Mercato del Capo — one of the primary street markets in Palermo. Known mainly for the shops of dried fruit, meats and fish. At least ten blocks long along this alley/road.

While walking along via Sant’Agosto where the market is located, we noticed these large, white decorations filled with hundreds of little white lights above the streets and alleyways and on some buildings. Turns out this past week was the Festival of the Beautiful Mother of Mercy (Mary), Queen of the Capo, this neighborhood of Palermo — and home of the Mercato Capo. We even found the church from which the festival is organized and in which the parade ends.

The main street off of which the Mercato Capo is located.

The main street off of which the Mercato Capo is located.

Mother of Mercy, Queen of Capo inside the church. This was what the faithful carried through the streets on the Festival Evening.

We then began looking for the Cappella Palatina.  We had a hard time finding it but of course, should anything we are looking for ever be easy to find? No, we end up walking all over God’s green earth. We thought about heading home several times because we were tired but the chapel was supposed to be just around the corner. Truly, at the last straw, we found it located inside the Palazzo dei Normanni or Palazzo Reale, a very old palace and residence of rulers of Sicily for hundreds of years. It is used as the Sicilian Parliament (Congress) now but many of the rooms on the upper floors are open to tourists to see what the palace was like all those years ago. The chapel is part of the palace. All that walking and being dead tired was well worth it though. The Cappella is perhaps the most beautiful church or museum or building interior we have ever seen.

Palazzo walls and archways facing the internal courtyard in the Palazzo die Normanni or Palazzo Reale (Royal Palace), shared with the Sicilian Parliament.

Entrance to the Cappella Palatina, by far the best example of the Arab-Norman-Byzantine style that prevailed in 12th-century Sicily. The chapel was commissioned in 1130 and consecrated in 1140.

Just one of many presentations on the walls of the Cappella Palatina.

Simply unbelievable unless you see it. Columns, arches, walls between the center and left apse of Cappella Palatina

Simply unbelievable unless you see it. Columns, arches, walls between the center and left apse of Cappella Palatina

All three apses, with Christ Pantocrator in the center. There is a second presentation of Christ Pantocrator in the ceiling/cupola above the altar up where the light is shining through the three windows.

All three apses, with Christ Pantocrator in the center. There is a second presentation of Christ Pantocrator in the ceiling/cupola above the altar up where the light is shining through the three windows.
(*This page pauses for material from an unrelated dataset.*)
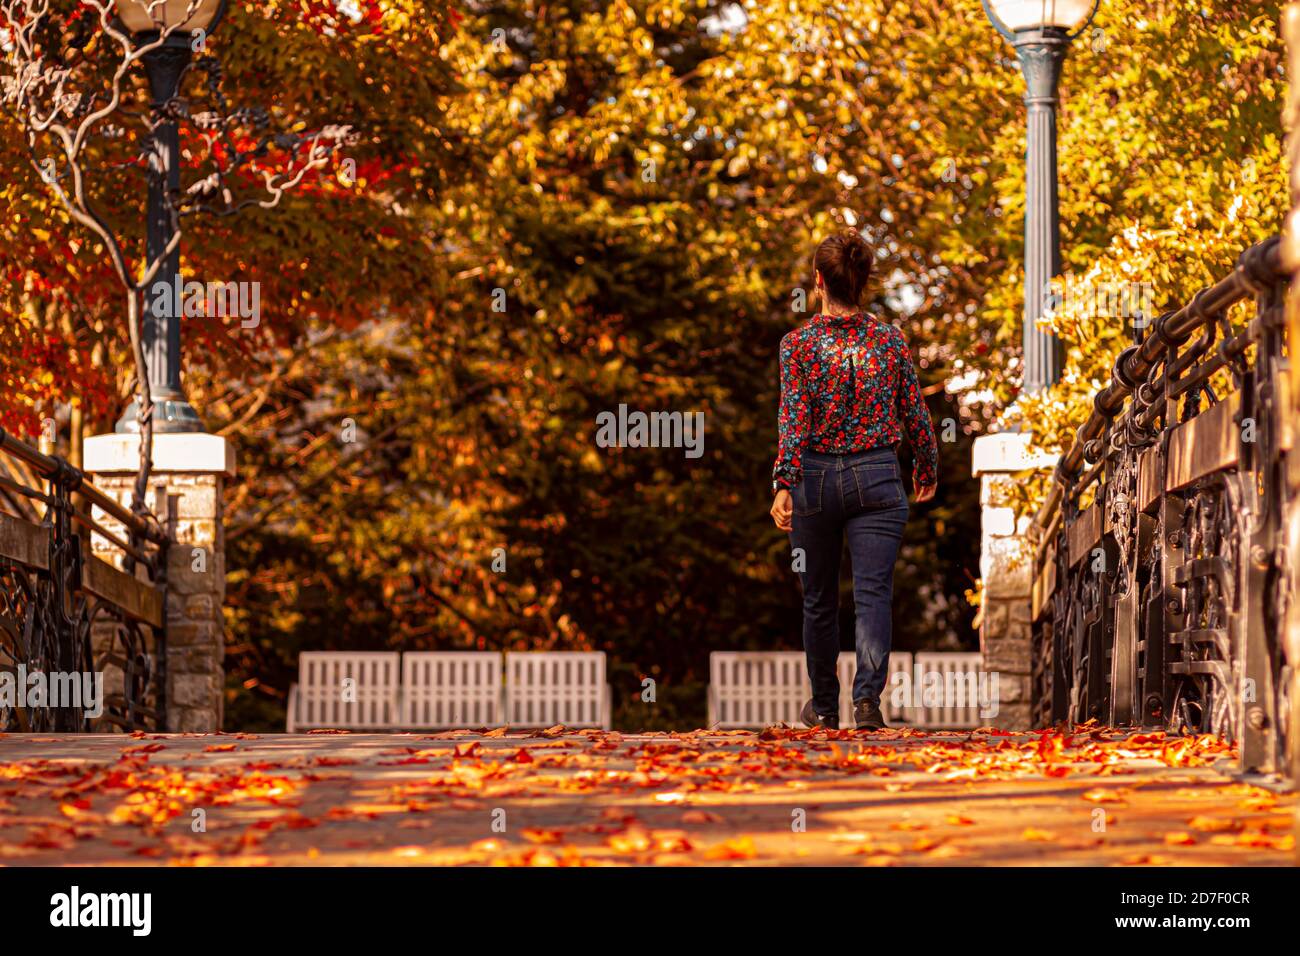 Eine junge kaukasische Frau mit Blumenhemd und Jeans geht allein in einem Stadtpark. Es ist eine wunderschöne Herbstszene mit bunten Blättern, die darauf gefallen sind Stockfoto
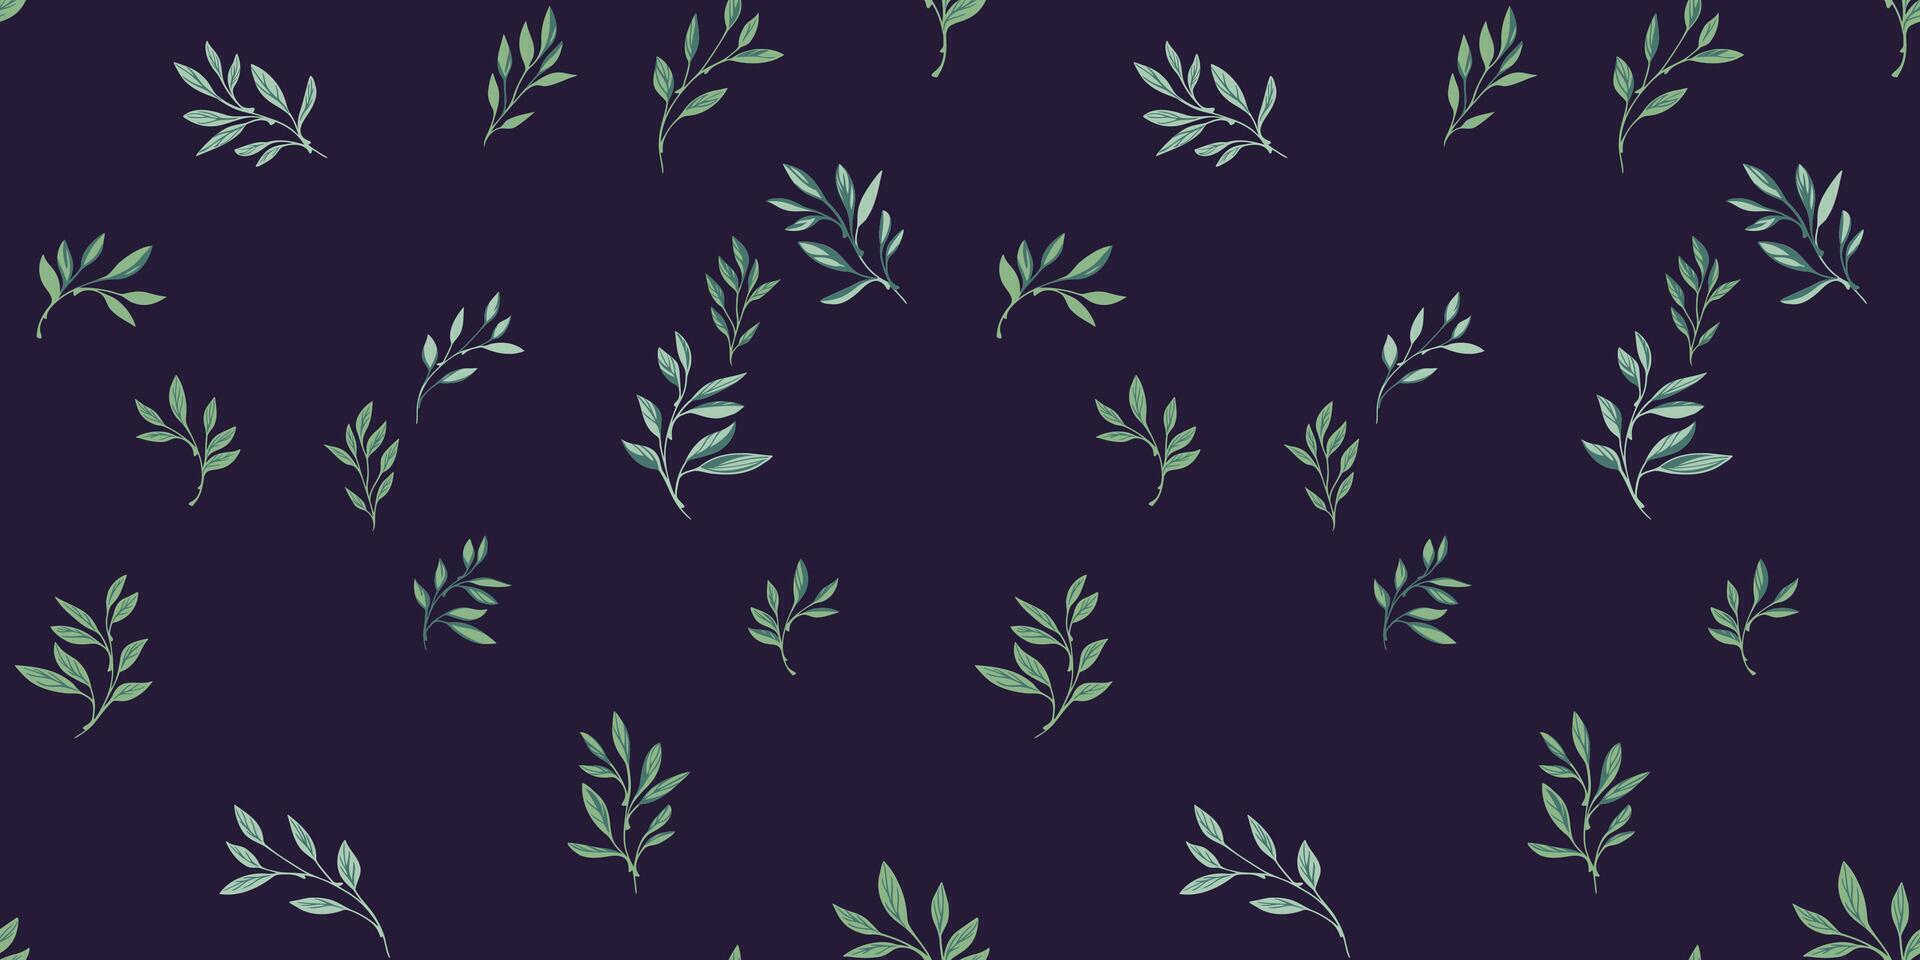 sömlös mönster med grön abstrakt mycket liten löv grenar spridd slumpvis på en mörk svart bakgrund. vektor hand dragen skiss. collage minimalistisk enkel botanisk printing.template för design

Cupola over the main altar, center apse in Cappella Palatina. Christ Pantocrator in this presentation above the one shown earlier is surrounded by angels and archangels dressed in Norman warrior garb

Even the arches, walls and sills of the recessed windows were richly decorated in the Cappella Palatina

Even the arches, walls and sills of the recessed windows were richly decorated in the Cappella Palatina

It was then time to head home and the bus was definitely the way to go. Route 106 if interested!  Tomorrow we meet up with my sister Connie and her son Brett and his wife Shelley. That will be fun!   Buona notte!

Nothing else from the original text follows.